因此,有三个按钮。左键在程序启动时启用,我想禁用它,然后单击onclick启用它旁边的按钮。当我按下第二个按钮时也是如此。
谁能告诉我我的代码出了什么问题?
<html>
<head>
<button id="func1" onclick="func(1)">func 1</button>
<button id="func2" disabled="false" onclick="func(2)">func 2</button>
<button id="func3" disabled="false" onclick="func()">func 3</button>
</head>
<body>
<script>
var number = '';
function func(number)
if(number == '1'){ //Sets button setting to disabled or enabled when wanted
after particular parts of the program are run.
document.getElementById('func1').disabled = true;
document.getElementById('func2').disabled = false;
document.getElementById('output').disabled = true;
}
else if(number == '2'){
document.getElementById('func1').disabled = true;
document.getElementById('func2').disabled = true;
document.getElementById('func3').disabled = false;
}
</script>
</body>
</html>
再次感谢 :)
最佳答案
首先,您需要将按钮从<head>
移到<body>
。
现在解决当前的问题:您的函数缺少其{}括号,并且您的注释分为两行,其中第二行引起语法错误。现在应该工作:
<button id="func1" onclick="func(1)">func 1</button>
<button id="func2" disabled="false" onclick="func(2)">func 2</button>
<button id="func3" disabled="false" onclick="func()">func 3</button><script>
function func(number){
if(number == '1'){ //Sets button setting to disabled or enabled when wanted after particular parts of the program are run.

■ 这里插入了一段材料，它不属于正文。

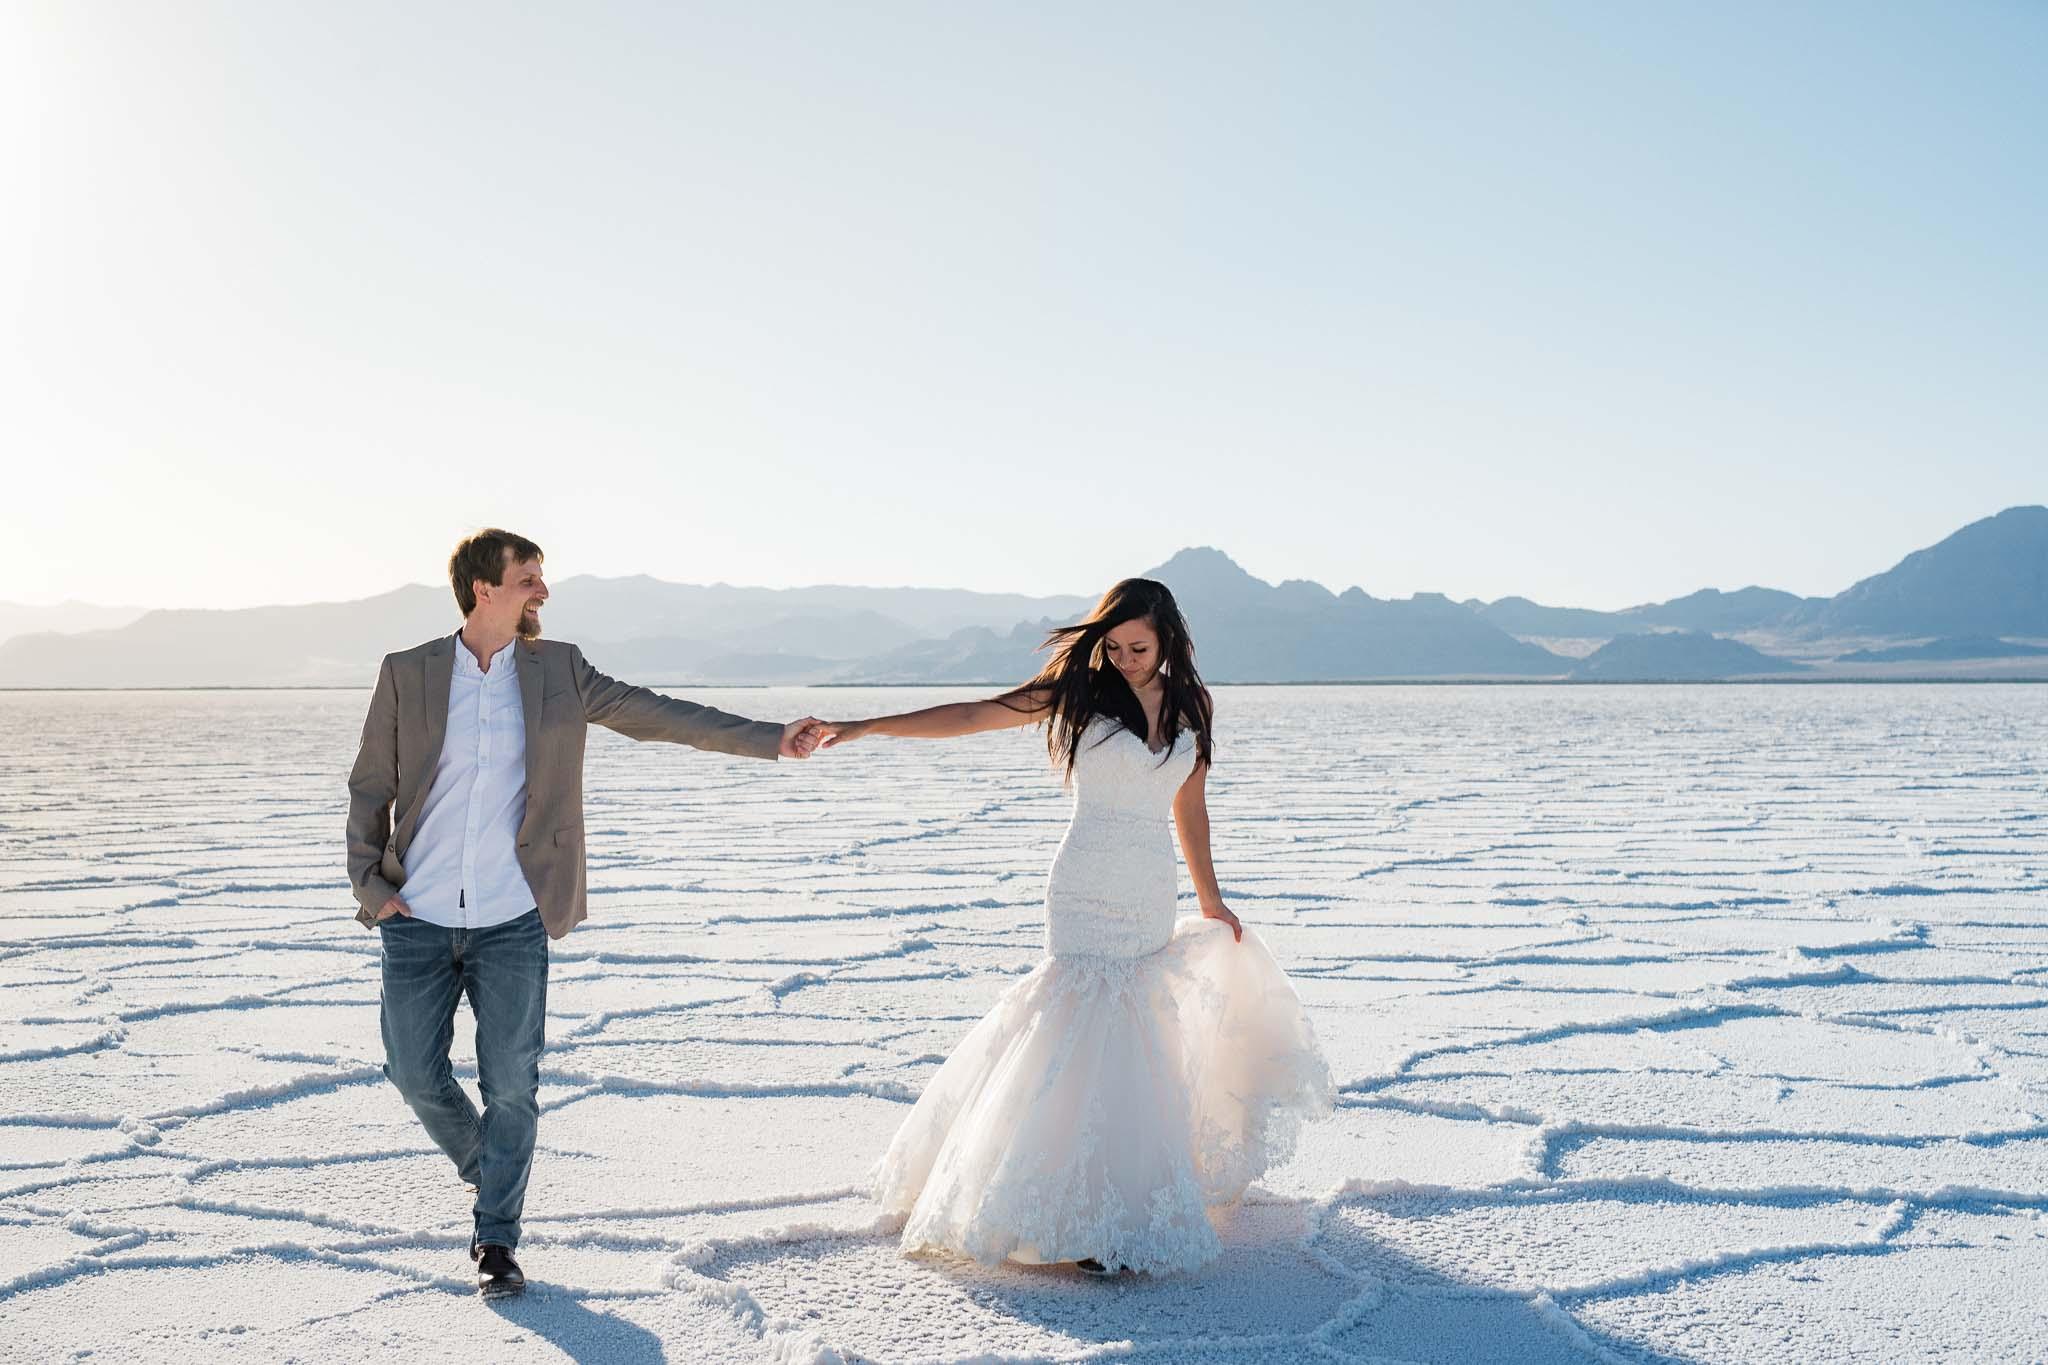 Groom holds bride at the Bonneville Salt Flats, Utah

document.getElementById('func1').disabled = true;
document.getElementById('func2').disabled = false;
document.getElementById('output').disabled = true;
}
else if(number == '2'){
document.getElementById('func1').disabled = true;
document.getElementById('func2').disabled = true;
document.getElementById('func3').disabled = false;
}
}
</script>